Looking at the entries below, state how many lines contain the word "Roller". Give the number alone.

++++++++++++++++++++

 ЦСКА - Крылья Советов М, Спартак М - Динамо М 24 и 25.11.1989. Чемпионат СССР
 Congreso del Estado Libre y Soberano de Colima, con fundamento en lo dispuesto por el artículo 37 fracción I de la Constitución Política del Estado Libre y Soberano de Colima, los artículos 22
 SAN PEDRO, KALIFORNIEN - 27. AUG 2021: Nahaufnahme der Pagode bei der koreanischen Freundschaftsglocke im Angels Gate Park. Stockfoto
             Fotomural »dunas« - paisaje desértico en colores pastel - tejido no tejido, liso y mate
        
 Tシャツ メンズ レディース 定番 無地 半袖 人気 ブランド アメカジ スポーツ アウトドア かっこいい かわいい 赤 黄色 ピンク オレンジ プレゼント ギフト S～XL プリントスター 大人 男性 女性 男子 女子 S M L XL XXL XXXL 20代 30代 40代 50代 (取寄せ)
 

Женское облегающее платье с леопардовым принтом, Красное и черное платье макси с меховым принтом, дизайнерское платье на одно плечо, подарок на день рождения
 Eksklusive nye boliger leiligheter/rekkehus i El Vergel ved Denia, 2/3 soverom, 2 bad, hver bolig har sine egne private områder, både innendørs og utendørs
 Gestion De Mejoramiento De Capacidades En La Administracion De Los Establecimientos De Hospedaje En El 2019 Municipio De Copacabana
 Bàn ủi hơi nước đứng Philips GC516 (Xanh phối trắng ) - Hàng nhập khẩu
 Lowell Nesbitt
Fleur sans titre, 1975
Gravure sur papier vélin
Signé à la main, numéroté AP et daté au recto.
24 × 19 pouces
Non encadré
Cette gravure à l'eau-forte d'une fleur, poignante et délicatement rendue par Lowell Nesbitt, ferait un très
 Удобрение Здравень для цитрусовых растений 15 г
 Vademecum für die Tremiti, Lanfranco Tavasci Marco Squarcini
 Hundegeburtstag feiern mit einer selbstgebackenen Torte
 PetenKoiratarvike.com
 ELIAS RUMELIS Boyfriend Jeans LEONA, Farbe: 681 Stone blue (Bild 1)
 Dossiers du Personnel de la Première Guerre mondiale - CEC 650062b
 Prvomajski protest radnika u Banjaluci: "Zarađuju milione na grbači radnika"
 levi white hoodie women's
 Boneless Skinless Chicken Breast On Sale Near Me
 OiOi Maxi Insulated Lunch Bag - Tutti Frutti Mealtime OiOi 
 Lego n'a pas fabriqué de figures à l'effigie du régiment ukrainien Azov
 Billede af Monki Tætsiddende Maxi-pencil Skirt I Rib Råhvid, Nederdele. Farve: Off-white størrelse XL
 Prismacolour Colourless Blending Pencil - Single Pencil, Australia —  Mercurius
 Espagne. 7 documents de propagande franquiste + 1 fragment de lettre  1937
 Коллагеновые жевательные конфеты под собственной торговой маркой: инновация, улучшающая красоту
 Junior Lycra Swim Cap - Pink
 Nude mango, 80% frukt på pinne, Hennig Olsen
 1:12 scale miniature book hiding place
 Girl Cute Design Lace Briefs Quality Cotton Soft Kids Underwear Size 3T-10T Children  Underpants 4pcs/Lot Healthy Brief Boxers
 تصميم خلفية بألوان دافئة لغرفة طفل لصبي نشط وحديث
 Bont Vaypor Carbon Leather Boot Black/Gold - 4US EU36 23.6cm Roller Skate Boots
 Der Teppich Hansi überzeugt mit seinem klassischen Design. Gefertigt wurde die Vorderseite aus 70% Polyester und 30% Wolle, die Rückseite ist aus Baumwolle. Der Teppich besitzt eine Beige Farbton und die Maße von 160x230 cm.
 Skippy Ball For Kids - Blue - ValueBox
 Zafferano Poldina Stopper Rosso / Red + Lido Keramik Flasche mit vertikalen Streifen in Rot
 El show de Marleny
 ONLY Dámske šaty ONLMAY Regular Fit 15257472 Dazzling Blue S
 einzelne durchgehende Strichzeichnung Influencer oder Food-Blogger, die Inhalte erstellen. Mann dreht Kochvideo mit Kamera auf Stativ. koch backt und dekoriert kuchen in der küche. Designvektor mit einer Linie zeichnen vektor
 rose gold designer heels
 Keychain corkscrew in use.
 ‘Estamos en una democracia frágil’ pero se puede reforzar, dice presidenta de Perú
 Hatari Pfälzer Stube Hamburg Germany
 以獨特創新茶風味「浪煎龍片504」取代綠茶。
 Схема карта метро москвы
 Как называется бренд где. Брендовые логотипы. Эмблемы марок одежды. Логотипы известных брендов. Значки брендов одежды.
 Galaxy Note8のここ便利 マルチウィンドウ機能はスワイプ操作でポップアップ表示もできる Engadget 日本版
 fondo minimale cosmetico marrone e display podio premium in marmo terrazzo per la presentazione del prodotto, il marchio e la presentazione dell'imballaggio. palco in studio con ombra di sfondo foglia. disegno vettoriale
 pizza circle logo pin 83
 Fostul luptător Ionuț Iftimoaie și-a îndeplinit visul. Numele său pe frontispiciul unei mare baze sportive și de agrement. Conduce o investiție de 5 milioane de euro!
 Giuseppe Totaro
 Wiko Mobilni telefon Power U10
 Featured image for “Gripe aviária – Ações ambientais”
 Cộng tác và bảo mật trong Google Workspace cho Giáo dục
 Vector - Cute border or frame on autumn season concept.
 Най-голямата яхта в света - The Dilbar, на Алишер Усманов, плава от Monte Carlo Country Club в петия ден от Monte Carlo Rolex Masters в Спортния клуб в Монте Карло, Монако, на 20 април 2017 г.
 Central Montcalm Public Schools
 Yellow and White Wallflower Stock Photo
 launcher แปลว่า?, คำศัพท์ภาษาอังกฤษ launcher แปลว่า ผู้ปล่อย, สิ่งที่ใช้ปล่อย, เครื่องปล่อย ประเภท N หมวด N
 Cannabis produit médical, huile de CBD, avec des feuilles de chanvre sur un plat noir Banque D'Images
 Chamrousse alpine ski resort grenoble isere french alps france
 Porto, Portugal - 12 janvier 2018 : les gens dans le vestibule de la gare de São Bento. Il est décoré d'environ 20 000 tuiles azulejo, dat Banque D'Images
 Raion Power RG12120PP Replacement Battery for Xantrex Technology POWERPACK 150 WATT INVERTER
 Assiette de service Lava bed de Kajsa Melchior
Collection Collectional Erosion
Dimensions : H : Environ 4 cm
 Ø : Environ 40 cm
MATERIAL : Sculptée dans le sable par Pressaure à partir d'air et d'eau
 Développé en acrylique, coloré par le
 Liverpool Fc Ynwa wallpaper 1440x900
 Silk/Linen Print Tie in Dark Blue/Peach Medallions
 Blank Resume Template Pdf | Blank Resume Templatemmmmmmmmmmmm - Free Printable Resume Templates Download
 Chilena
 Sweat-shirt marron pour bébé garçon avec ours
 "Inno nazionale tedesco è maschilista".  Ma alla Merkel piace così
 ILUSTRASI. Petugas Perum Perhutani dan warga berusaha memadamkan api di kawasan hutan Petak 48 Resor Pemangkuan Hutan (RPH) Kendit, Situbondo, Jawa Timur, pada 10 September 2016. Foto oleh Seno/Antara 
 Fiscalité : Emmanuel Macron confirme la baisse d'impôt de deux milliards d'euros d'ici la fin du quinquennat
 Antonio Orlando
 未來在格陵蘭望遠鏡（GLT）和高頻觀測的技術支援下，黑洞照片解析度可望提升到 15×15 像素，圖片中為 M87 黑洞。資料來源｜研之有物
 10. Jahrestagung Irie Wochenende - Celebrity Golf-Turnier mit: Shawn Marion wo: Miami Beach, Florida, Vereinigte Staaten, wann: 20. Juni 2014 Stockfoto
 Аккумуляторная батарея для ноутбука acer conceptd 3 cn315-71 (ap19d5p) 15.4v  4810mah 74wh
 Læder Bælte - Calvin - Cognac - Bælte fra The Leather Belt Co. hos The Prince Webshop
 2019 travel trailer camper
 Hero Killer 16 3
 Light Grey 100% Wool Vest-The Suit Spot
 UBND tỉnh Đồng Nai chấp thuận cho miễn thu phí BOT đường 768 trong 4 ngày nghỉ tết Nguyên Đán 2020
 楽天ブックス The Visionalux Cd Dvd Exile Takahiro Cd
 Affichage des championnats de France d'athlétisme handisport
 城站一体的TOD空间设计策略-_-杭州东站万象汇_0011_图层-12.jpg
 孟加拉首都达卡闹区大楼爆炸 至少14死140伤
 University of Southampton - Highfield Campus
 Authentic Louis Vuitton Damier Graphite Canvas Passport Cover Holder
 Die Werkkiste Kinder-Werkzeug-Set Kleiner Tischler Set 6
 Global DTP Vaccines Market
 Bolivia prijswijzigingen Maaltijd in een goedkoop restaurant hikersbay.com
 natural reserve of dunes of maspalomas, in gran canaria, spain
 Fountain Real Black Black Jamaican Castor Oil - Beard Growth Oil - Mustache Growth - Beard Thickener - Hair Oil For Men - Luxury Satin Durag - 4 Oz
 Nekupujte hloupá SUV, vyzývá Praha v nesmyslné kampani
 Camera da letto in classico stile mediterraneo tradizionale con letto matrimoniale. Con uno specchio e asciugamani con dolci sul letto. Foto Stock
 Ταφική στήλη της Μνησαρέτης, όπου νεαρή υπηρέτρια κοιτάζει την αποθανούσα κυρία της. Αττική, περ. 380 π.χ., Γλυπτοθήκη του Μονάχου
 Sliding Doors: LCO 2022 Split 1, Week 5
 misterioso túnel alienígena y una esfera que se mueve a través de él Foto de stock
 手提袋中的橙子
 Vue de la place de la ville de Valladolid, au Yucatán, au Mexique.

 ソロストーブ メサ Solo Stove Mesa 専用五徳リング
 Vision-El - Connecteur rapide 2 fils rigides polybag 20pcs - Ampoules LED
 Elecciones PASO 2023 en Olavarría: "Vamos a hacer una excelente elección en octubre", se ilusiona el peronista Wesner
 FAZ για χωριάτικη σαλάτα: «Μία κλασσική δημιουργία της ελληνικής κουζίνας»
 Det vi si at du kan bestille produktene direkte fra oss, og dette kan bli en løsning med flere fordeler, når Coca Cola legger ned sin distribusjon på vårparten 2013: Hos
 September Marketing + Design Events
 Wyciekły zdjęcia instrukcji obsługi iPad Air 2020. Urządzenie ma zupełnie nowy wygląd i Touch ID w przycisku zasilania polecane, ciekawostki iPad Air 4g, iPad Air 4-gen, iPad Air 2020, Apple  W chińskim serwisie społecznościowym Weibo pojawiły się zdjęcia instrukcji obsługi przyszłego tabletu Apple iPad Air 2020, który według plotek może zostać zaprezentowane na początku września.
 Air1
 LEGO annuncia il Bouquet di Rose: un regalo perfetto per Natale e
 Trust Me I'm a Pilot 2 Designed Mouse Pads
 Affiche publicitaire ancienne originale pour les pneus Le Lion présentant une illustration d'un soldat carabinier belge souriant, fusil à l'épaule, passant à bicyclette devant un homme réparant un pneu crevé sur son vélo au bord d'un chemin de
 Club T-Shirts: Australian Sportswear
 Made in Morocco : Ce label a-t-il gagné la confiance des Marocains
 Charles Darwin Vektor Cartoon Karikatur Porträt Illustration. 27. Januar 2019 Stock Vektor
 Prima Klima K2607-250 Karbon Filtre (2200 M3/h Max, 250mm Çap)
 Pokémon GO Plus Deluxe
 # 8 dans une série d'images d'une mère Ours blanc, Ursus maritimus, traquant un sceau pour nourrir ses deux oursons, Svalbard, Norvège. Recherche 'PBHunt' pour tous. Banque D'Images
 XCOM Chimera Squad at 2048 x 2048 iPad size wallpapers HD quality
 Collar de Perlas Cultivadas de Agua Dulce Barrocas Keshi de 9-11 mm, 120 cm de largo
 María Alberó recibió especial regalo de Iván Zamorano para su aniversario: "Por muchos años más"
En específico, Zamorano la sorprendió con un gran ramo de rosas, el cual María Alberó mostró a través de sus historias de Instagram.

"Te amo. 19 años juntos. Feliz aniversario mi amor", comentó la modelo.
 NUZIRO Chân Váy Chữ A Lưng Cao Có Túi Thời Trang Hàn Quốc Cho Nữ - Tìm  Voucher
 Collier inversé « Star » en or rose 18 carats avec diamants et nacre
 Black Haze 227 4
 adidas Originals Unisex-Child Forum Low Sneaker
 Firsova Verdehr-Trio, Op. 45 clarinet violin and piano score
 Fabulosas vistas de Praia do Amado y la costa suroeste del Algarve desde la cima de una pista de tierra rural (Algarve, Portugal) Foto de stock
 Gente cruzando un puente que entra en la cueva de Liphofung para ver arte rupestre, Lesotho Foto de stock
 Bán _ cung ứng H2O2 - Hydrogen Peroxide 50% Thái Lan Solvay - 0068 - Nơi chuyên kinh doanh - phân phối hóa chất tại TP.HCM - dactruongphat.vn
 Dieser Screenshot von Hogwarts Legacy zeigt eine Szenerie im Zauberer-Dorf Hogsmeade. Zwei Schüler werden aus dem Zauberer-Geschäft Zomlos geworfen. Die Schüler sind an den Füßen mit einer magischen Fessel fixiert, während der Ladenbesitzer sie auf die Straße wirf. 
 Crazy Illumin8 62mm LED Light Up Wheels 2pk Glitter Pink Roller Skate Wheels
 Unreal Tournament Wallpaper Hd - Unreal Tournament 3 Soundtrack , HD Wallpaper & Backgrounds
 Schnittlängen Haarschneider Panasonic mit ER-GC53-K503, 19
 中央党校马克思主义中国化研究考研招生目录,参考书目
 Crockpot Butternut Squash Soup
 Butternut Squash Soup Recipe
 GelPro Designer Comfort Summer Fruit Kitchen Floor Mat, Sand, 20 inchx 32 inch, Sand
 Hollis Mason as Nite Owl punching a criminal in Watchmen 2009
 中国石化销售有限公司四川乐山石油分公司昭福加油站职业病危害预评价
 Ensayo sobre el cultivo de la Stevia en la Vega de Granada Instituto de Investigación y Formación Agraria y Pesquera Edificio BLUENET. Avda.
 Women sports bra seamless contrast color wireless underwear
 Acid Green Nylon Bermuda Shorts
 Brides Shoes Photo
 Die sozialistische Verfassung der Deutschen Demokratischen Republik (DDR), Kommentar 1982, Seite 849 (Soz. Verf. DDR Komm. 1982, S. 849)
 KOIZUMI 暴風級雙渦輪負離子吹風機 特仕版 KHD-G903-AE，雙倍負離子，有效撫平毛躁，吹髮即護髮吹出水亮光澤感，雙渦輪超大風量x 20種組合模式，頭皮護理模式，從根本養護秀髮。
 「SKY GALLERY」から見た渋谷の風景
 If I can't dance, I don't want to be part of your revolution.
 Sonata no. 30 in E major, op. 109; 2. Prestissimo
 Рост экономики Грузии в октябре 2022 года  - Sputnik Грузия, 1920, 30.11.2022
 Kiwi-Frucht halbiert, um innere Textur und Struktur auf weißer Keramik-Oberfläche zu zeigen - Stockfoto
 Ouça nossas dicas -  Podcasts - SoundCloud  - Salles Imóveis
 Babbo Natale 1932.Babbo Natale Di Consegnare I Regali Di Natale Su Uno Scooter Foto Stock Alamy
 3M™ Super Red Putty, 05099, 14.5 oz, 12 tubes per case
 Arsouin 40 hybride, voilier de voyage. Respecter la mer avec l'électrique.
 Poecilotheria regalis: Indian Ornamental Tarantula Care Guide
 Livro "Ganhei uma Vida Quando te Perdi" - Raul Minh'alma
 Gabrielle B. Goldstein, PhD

++++++++++++++++++++

• _RESULT OF THIS EXERCISE_
2